##### STORED DATA #####

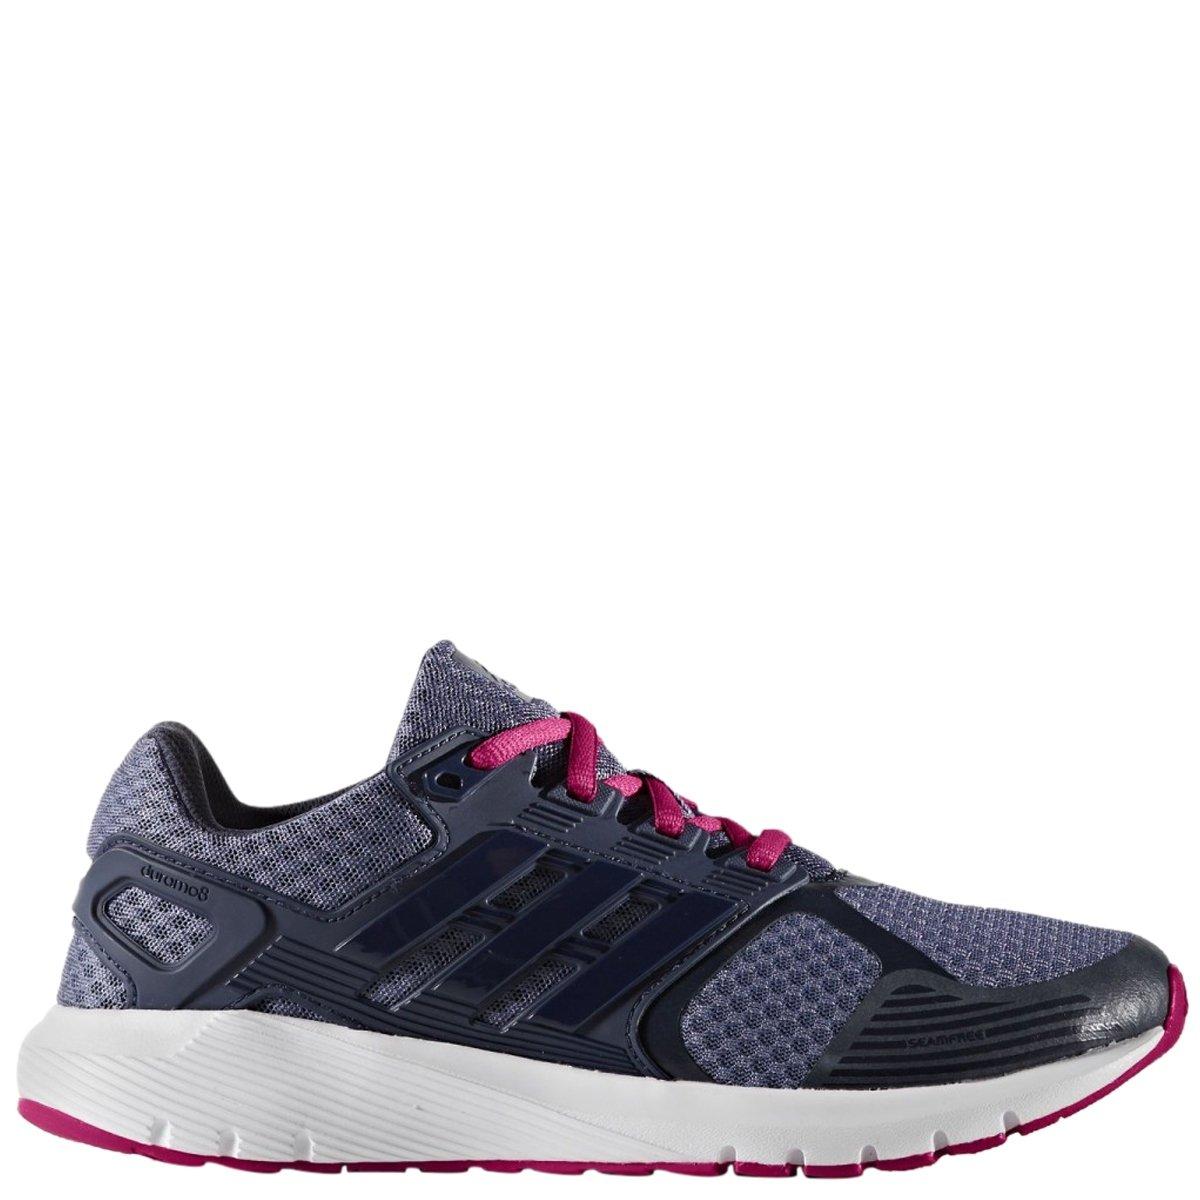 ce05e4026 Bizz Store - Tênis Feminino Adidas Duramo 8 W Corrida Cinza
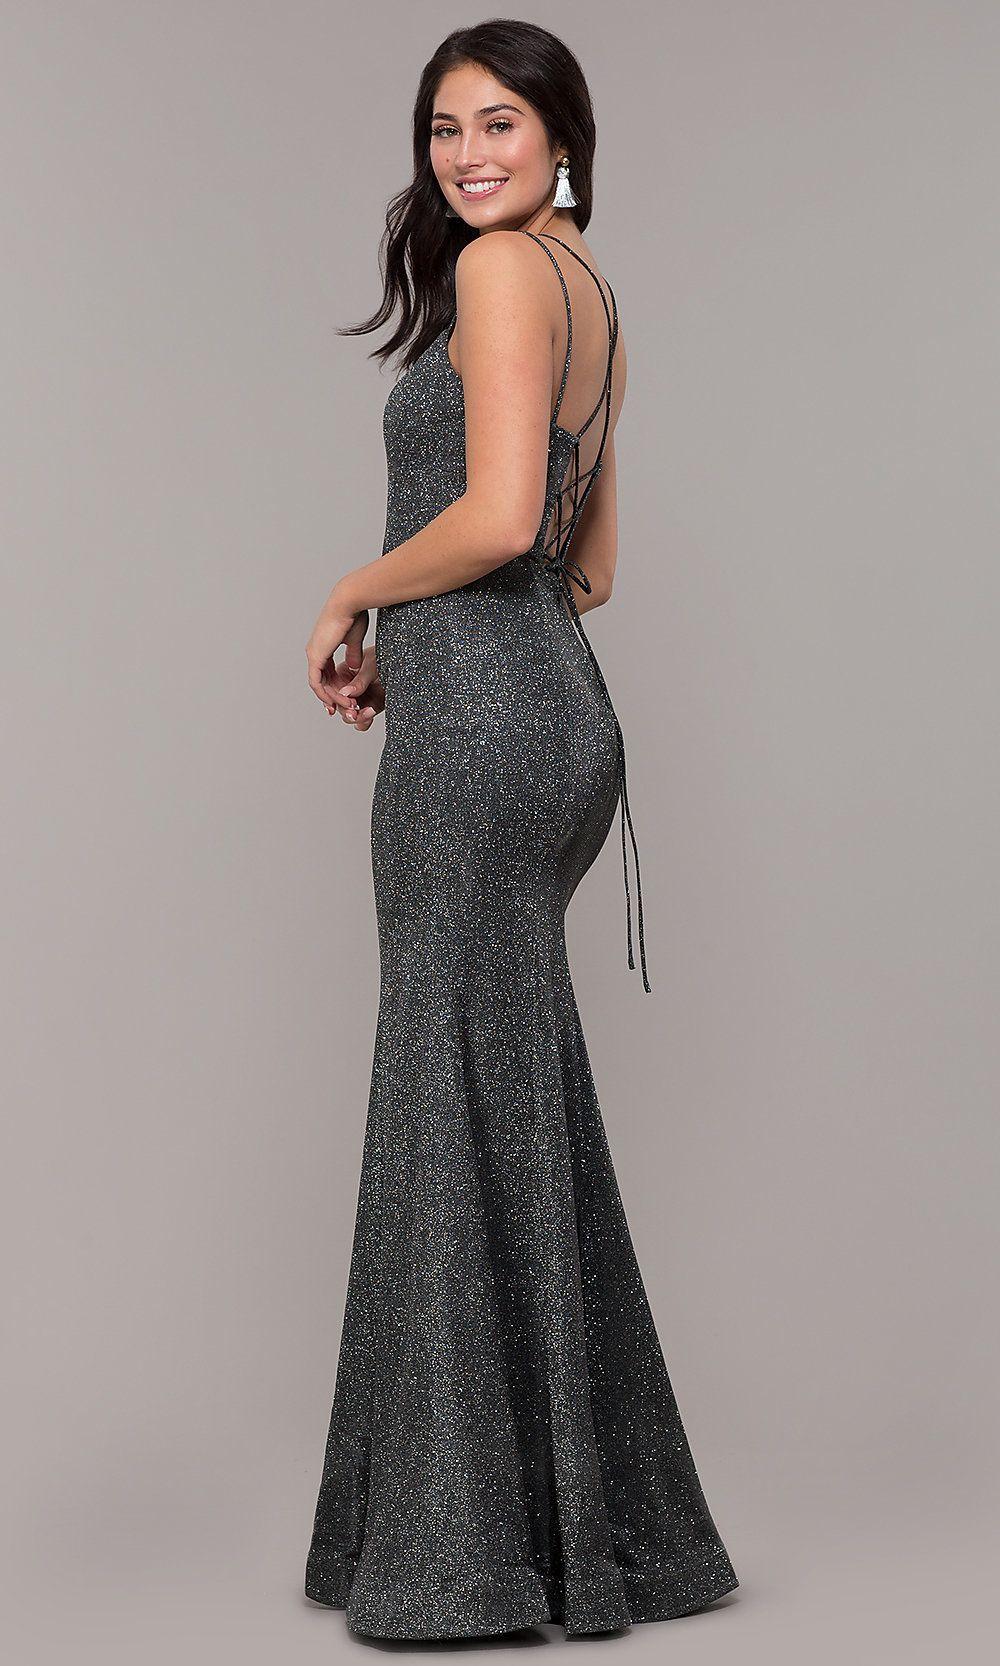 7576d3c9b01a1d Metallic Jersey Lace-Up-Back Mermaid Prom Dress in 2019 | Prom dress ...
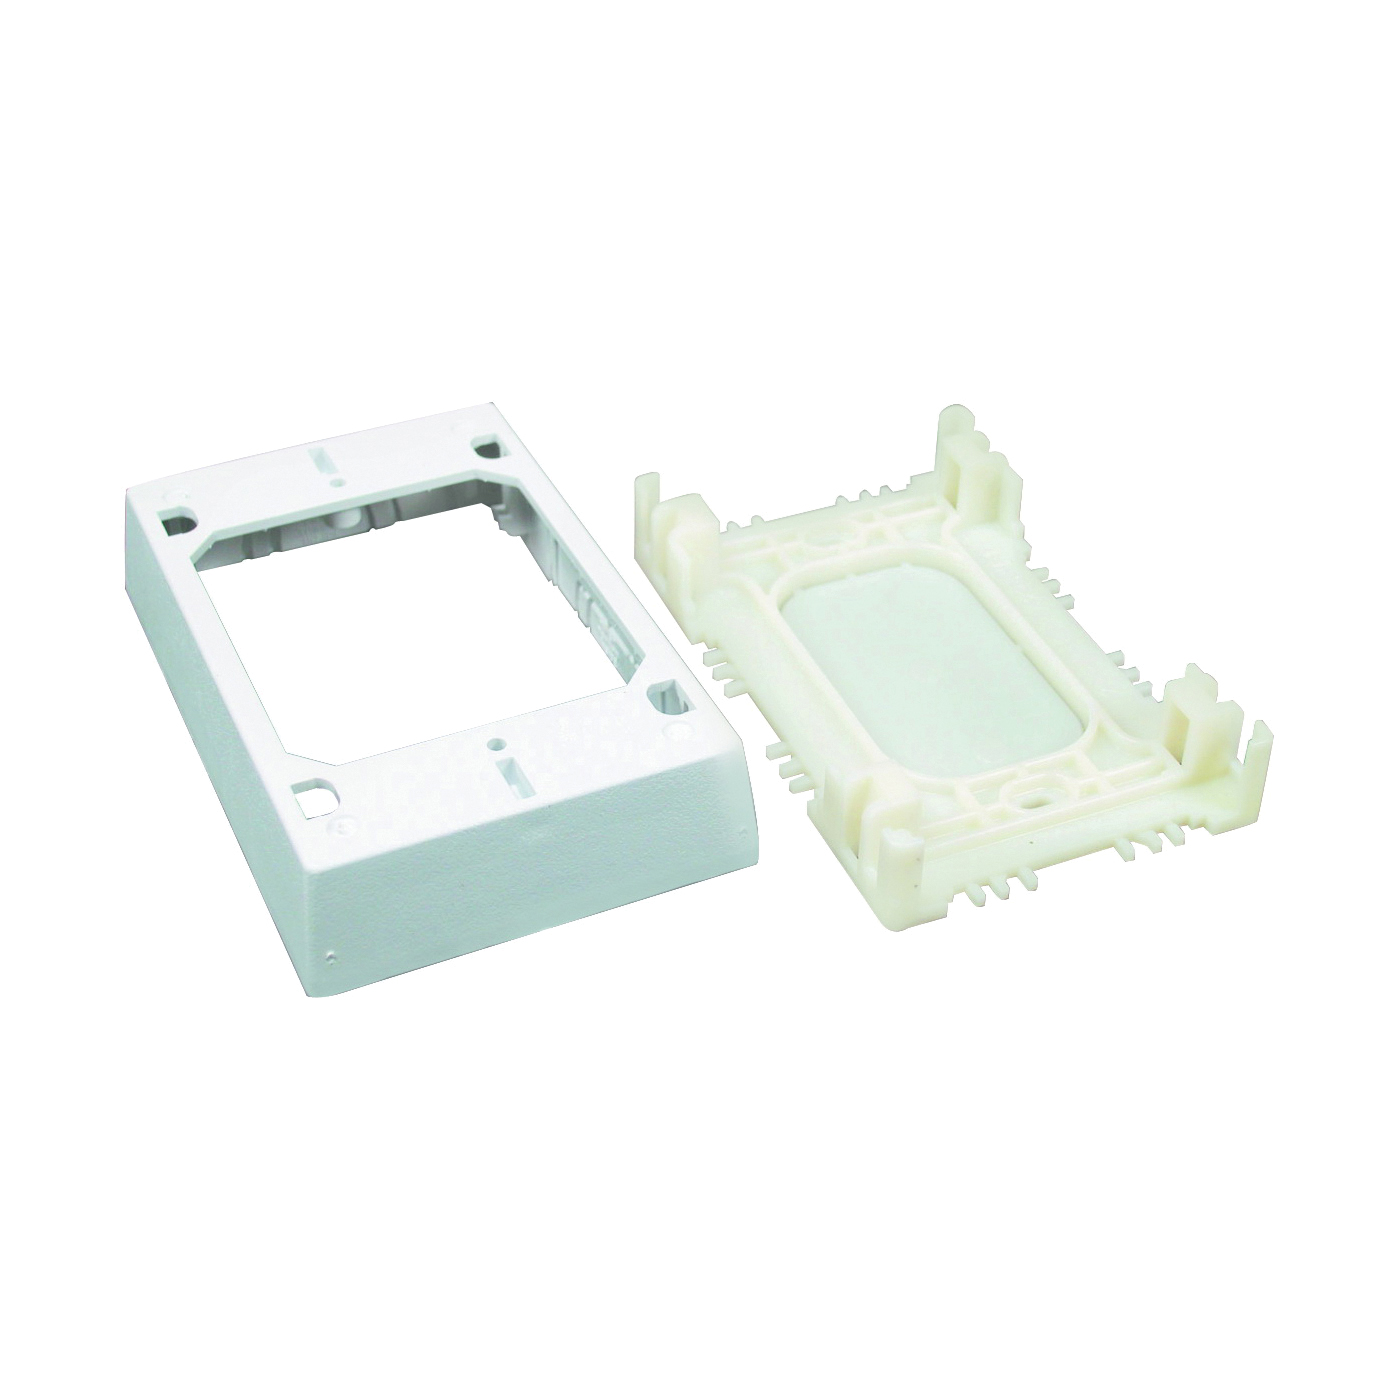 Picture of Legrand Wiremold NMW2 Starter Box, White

#####

> _ACTION ITEM_: What you return should be the whole listing, word for word, without its pictures.

> _COMPLETED EXERCISE_:
 ce05e4026 Bizz Store - Tênis Feminino Adidas Duramo 8 W Corrida Cinza
 7576d3c9b01a1d Metallic Jersey Lace-Up-Back Mermaid Prom Dress in 2019 | Prom dress ...
 Picture of Legrand Wiremold NMW2 Starter Box, White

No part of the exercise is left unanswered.